Eric Hobsbawm, historiador marxista británico, sostiene que el surgimiento de algunas instituciones de origen occidental en las “zonas periféricas” del mundo “tipificaban la ‘zona de desarrollo’ o de dominio europeo, fundamentalmente la secular institución de la universidad, que no existía fuera de esa zona y, por motivos diferentes, el teatro de ópera. Ambas instituciones reflejaban la penetración de la civilización ‘occidental’ dominante.”(1)

Y el surgimiento del Teatro Colón tiene que ver precisamente con este proceso de “demarcación” de la zona desarrollada de América del Sur. Y a Argentina especialmente, o mejor a sus élites dirigentes, le interesaba demostrar que se parecía más a Europa, que a sus vecinos latinoamericanos.

A poco de haberse reinaugurado después de una larga restauración –aún no concluida-, visitamos el centenario y famoso teatro.

Se dice que es, junto a L’Scala de Milán, el teatro con mejor acústica para espectáculos musicales. Artistas de la talla de Richard Strauss, Igor Stravinsky, Arturo Toscanini y Daniel Barenboim, entre otros, han pasado por este escenario.

Mientras Europa estaba en guerra, o durante los períodos de crisis económica en la entreguerra, su escenario albergó a los artistas europeos de mayor renombre, que recalaban en “la París de Sudamérica” para hacer sus representaciones ante públicos ávidos de las estrellas europeas y de este tipo de experiencias artísticas.

Una visita a este gran teatro nos ofrece una experiencia de los sentidos. La música no sólo entra por los oídos; también por los ojos. La lira, el símbolo del teatro, culmina cada una de sus columnas, capiteles y ventanas. Obras de renombrados artistas argentinos y extranjeros cuelgan de sus muros. La cúpula interior del teatro, por ejemplo, está pintada por Raúl Soldi, y el artista plástico Guillermo Kuitca y la vestuarista Julieta Ascar diseñaron y confeccionaron el nuevo telón del teatro cuya tela tiene un tratamiento a prueba de incendios.

Dentro del Teatro Colón funciona, además, una escuela que forma bailarines, cantantes líricos, músicos, vestuaristas y escenógrafos. Sus aulas se encuentran en los dos subsuelos del teatro, por lo que las dimensiones del edificio son monumentales. Lamentablemente esta parte del coliseo aún no está incluida en la visita guiada por encontrarse en pleno proceso de restauración.

El edificio fue construido bajo la dirección de tres arquitectos diferentes a lo largo de 20 años, debido a la muerte prematura de los dos primeros (lo que creó una especie de mito o leyenda negra alrededor del Teatro por aquella época). Eso le dio a la construcción un eclecticismo único. El primer arquitecto fue Francesco Tamburini quien fue sucedido por su socio, Víctor Meano. Ambos eran italianos y por eso la primer parte de la edificación contaba con detalles propios de la arquitectura romana (la preeminencia del mármol en las paredes interiores, por ejemplo). A la muerte de Meano, el belga Jules Dormal terminó la obra e introdujo los detalles de decoración propios de la escuela francesa.

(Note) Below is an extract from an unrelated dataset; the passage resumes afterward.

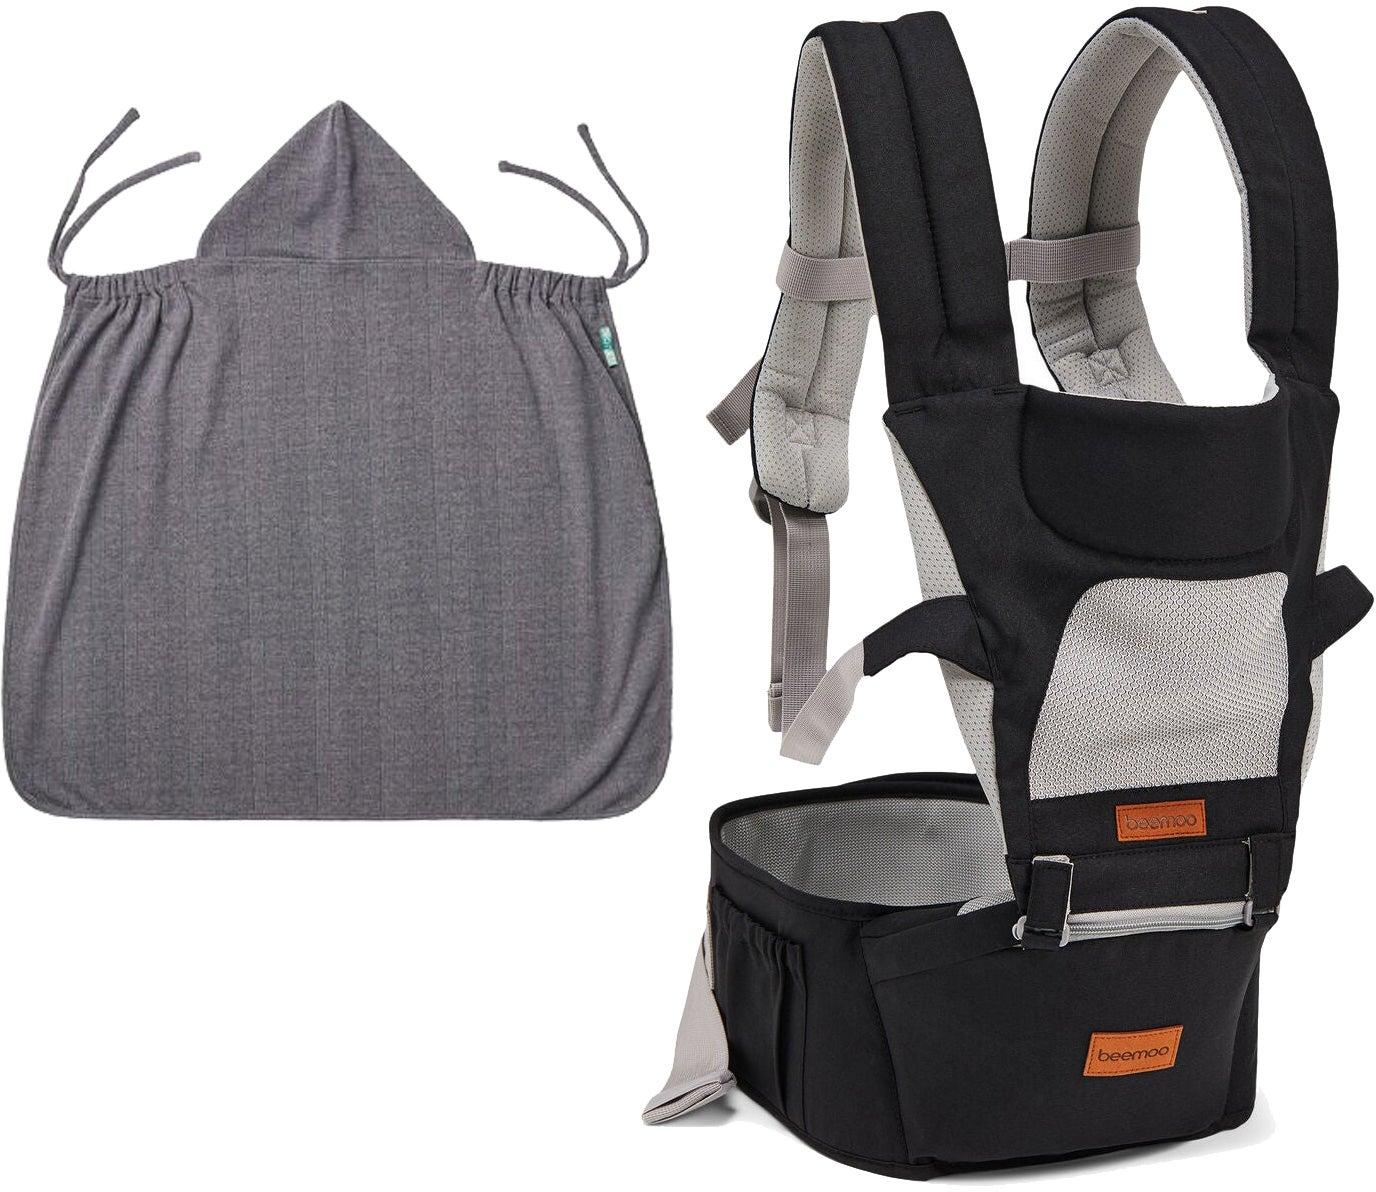 Beemoo Carry Comfort Air Bärsele inkl Överdrag, Black

Por otra parte,  para la construcción del teatro –que comenzó en 1890- se empleó como mano de obra a inmigrantes italianos, en su mayoría, que conocían las técnicas para este tipo de edificaciones. Y fueron ellos, precisamente, el público privilegiado de la zona de Cazuela y Paraíso en los comienzos del teatro.  Estas son las tribunas más altas del teatro, reservadas para la plebe, con una entrada por la calle por donde entraban las carrozas, y la imposibilidad de ver el escenario. Sin embargo, muchos músicos expertos hoy en día utilizan estas ubicaciones para escuchar conciertos de cámara ya que se dice que es un lugar único para oír música.

El teatro es testigo vivo de la historia. Sus muros nos permiten acercarnos a finales del siglo XIX y ver la gran influencia que la inmigración tuvo en la construcción de la identidad nacional. Y por otra parte, su construcción acercaba a las élites deseosas de tener su propio teatro de ópera a Europa, a la civilización que con tanta admiración y respeto miraban continuamente.

 

 María Laura Mazzoni -De la redacción

 

(1) Eric Hobsbawm, La era del Imperio (1875-1914), Crítica, pg. 33.